The UN agency for Palestinian refugees UNRWA, which struggles to overcome chronic budget shortfalls, appealed Tuesday for $1.6 billion for its work in 2023 with $848 million needed for core services and another $781.6 million needed for emergency operations.

UNRWA, which provides services to nearly six million Palestinians registered in the Palestinian territories – including East Jerusalem- Jordan, Lebanon, and Syria, runs over 700 schools that offer education to half a million children and provides health, sanitation, and social services, including food and cash assistance.

The agency currently counts nearly 30,000 staff, but most of them are Palestinian refugees.

Noting that the agency played “an indispensable role” for millions of Palestinian refugees, UNRWA chief Philippe Lazzarini stressed that they work to maintain the delivery of basic services in an incredibly difficult financial and political context.

Having just returned from a trip to Syria where he had witnessed firsthand indescribable suffering and despair, Lazzarini said that the situation is sadly mirrored in Lebanon and Gaza among other places where Palestine refugees are hitting rock bottom and now live below the poverty line.

Lazzarini emphasized that a growing number of Palestinian refugees are dependent on UNRWA for assistance, sometimes for their sheer survival, but the agency, which has long faced chronic budget shortfalls, is in a situation that worsened dramatically in 2018 when former US president Donald Trump cut support to UNRWA.

Siding with Israeli criticisms of the agency founded in 1949 – a year after Israel’s creation – Trump’s administration branded UNRWA irredeemably flawed.

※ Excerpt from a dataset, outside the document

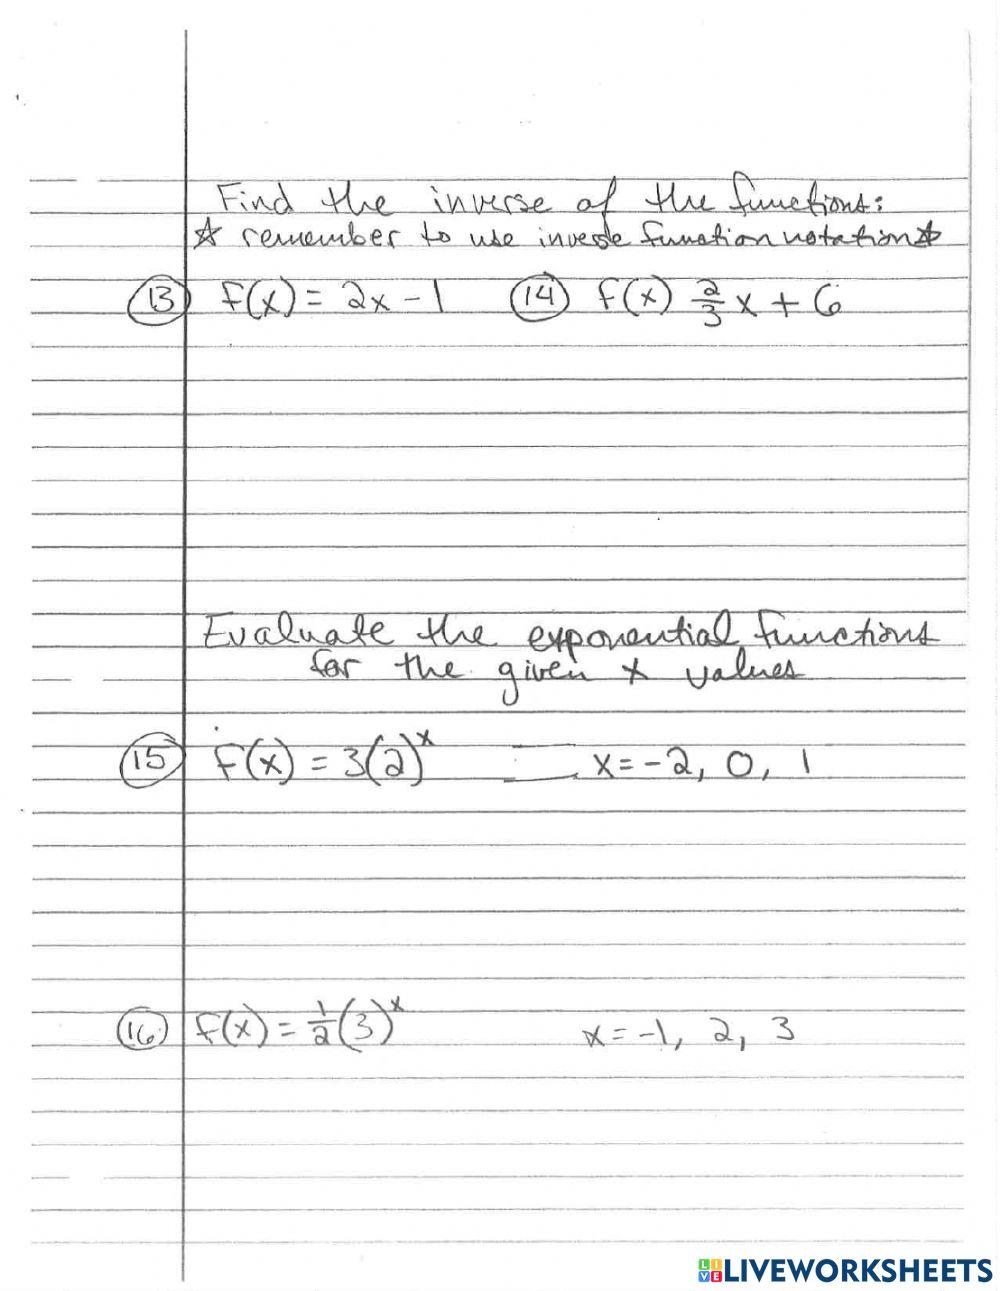 Functions Quiz - Algebra 1

Lazzarini said that UNRWA is still struggling although US President Joe Biden’s administration has fully restored support, raising last year only around $1.2 billion of the $1.6 billion it had appealed for.

Stressing the need for a more sustainable, predictable, long-term, and more regular source of funding, Lazzarini said that they cannot and should not be always scrambling to bring in funds to cover UNRWA’s contribution to human rights and stability.